Researchers from Imperial College London, the Swiss Institute of Allergy and Asthma Research in Davos, Switzerland, and a number of other international institutions published the results of their study yesterday in the journal PLoS Biology.

They report that a gene known as GATA-3 can block the development of regulatory T-cells in the immune system by disrupting the function of another gene (FOXP3). The FOXP3 gene is vital to the correct function of regulatory T cells and when it is blocked new regulatory T-cells stop being produced.
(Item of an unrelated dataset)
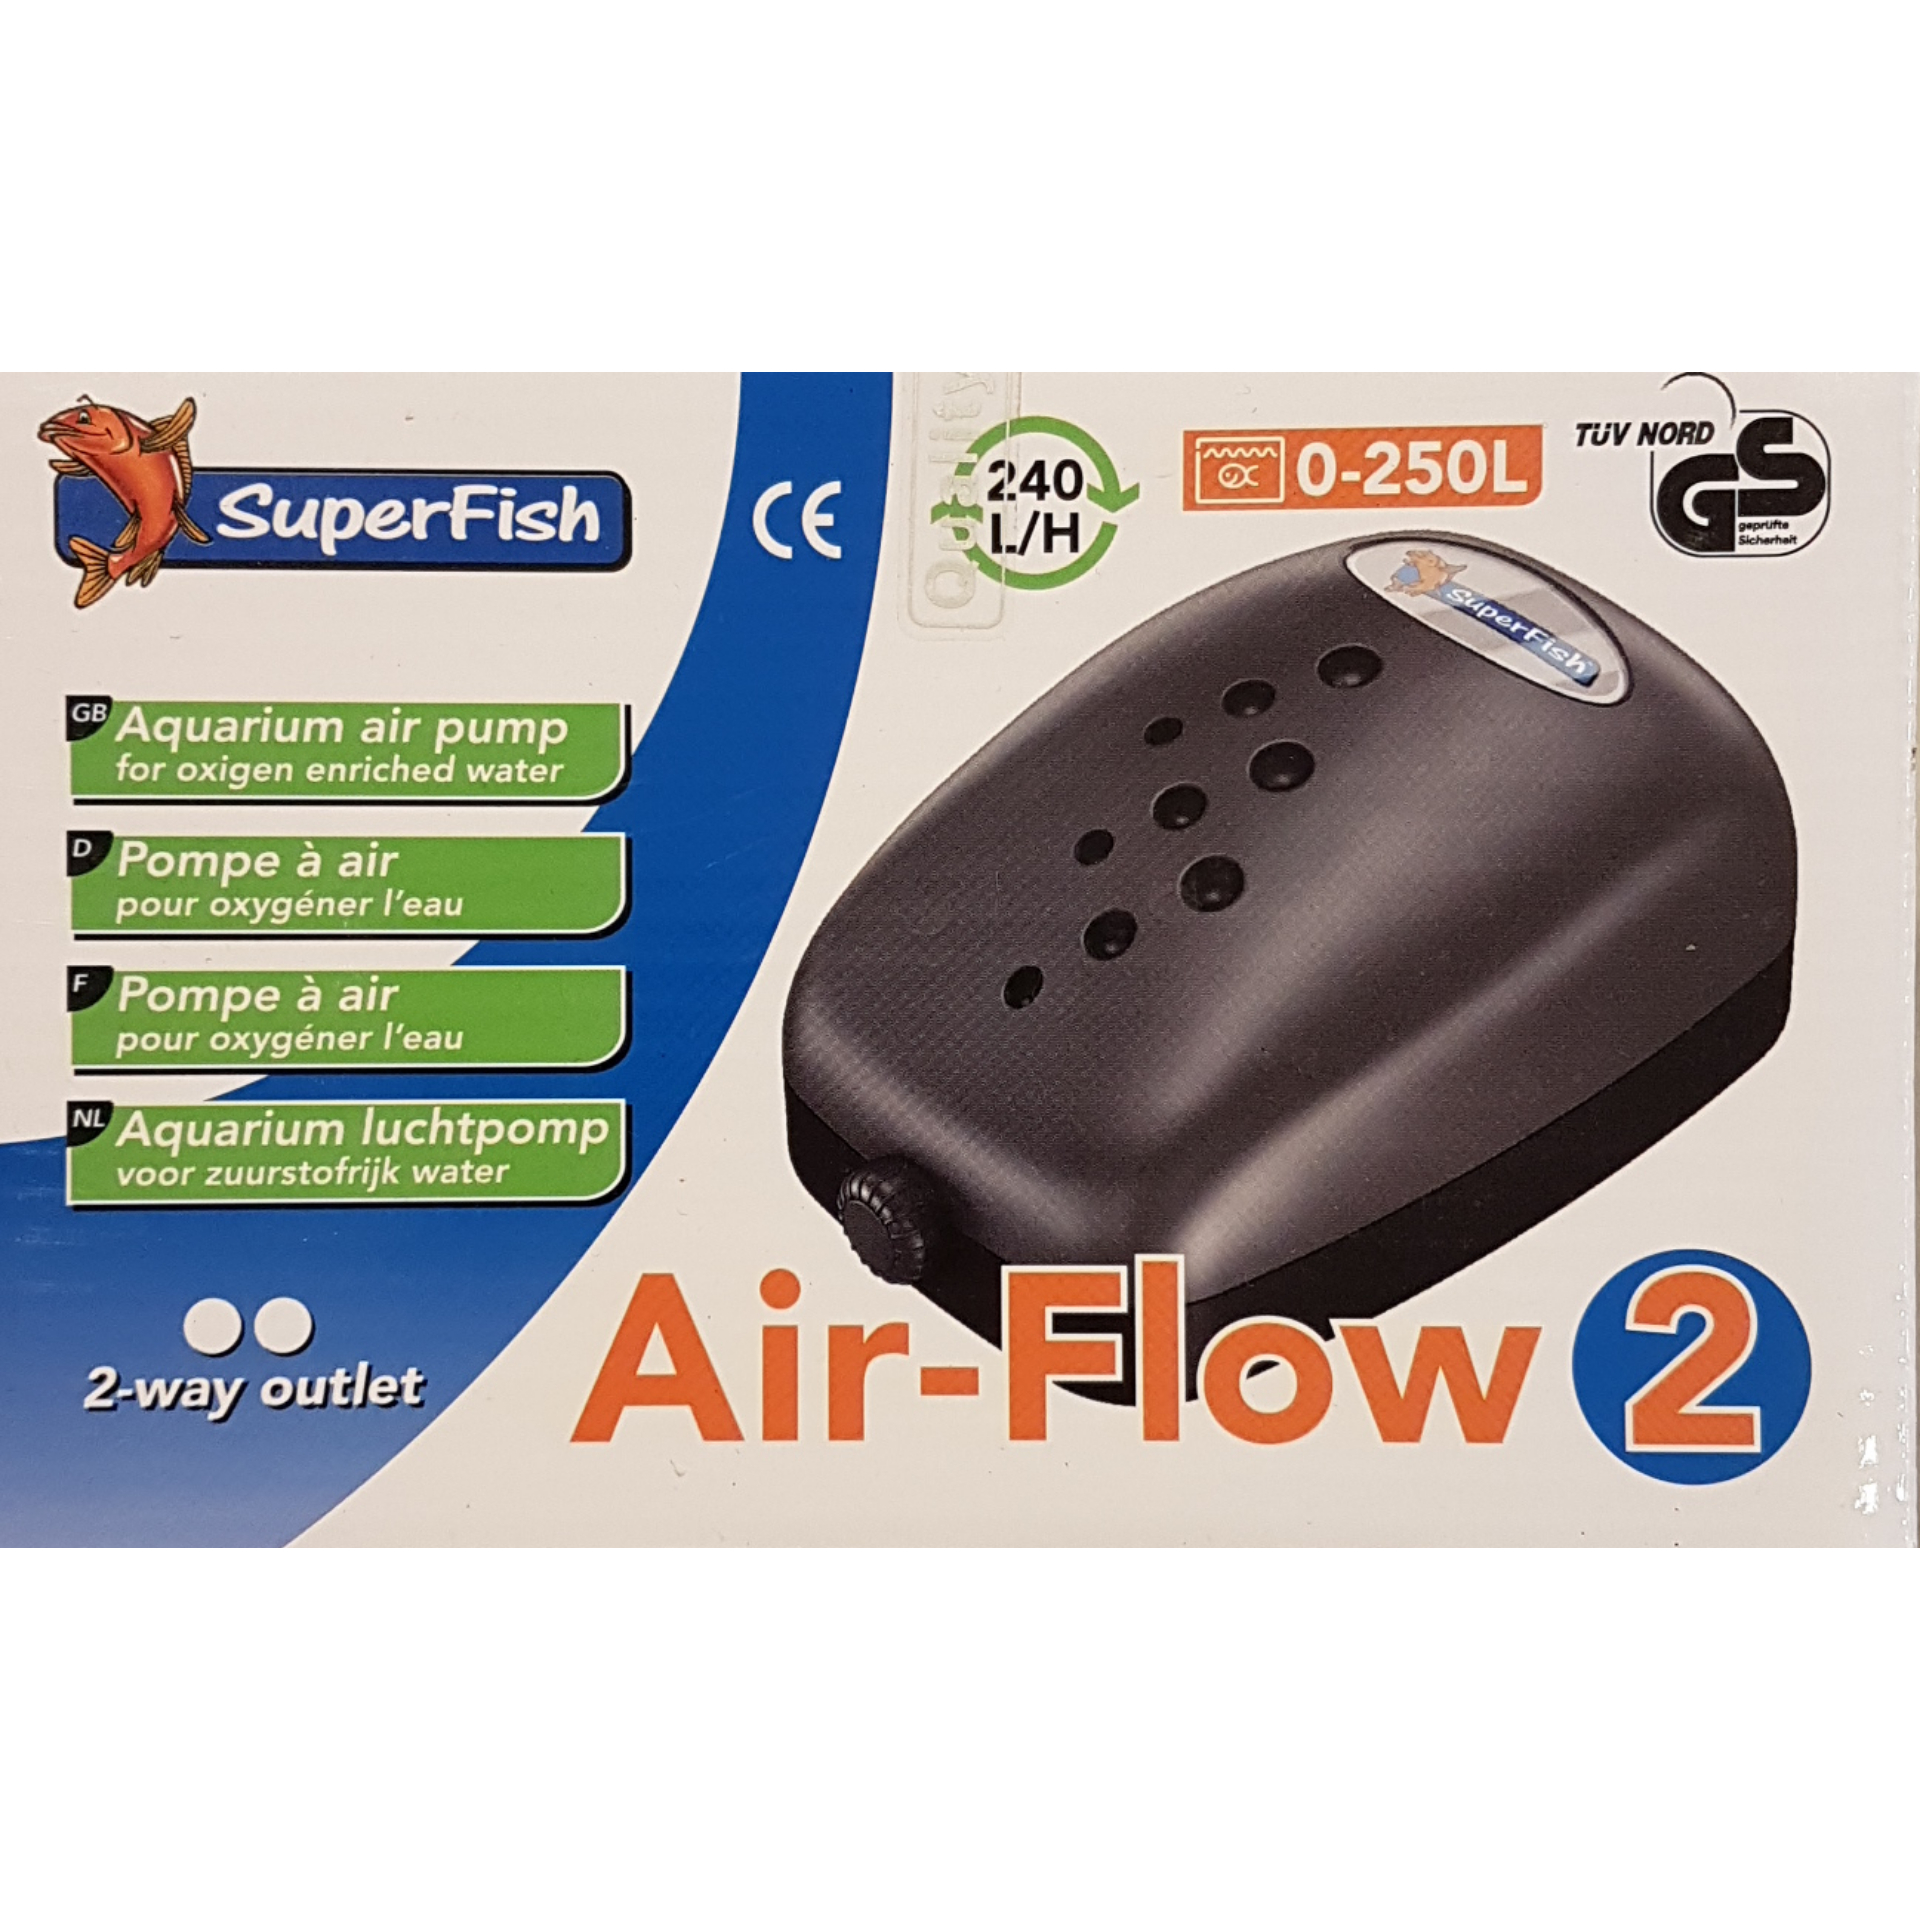 airflow 2

In the immune system regulatory T-cells play an important role keeping other cells in check; without them the immune system would run out of control and do severe damage to the body's own tissues. In healthy individuals regulatory T-cells help to prevent allergic reactions by suppressing pro-allergic cells known as Th2 cells.

In those with allergies, the immune system is biased towards a specific response to threats that utilizes these Th2 cells and others associated with them. The immune system wrongly identifies harmless environmental molecules such as pollen, as being a threat and the individual experiences the symptoms of allergy as the immune response to the perceived threat is initiated. Whenever the person encounters this allergen again the same reaction occurs.

With allergies reaching near epidemic proportions it is hoped that the discovery of this genetic mechanism that disrupts healthy immune system regulation will lead to the development of therapies that target the source of allergic conditions and "re-program" the body to have a healthy response when faced with allergens.

Lead researcher, Dr Carsten Schmidt-Weber from the National Heart and Lung Institute at Imperial College London, said: "This finding will help us to understand how healthy individuals are able to tolerate allergens and what we need to do to re-induce tolerance in the immune systems of patients with allergies. We hope that we will soon be able to help not only patients suffering from single allergies, but also those with multiple ones - the atopic patients."”

The researchers were able to reach their conclusions by analysing the genes related to regulatory T-cells and looking at how they interacted with each other. Mouse models were then used to confirm the findings. Mice which were genetically engineered to express the GATA-3 gene in all T cells showed dramatic defects in the production of regulatory T-cells.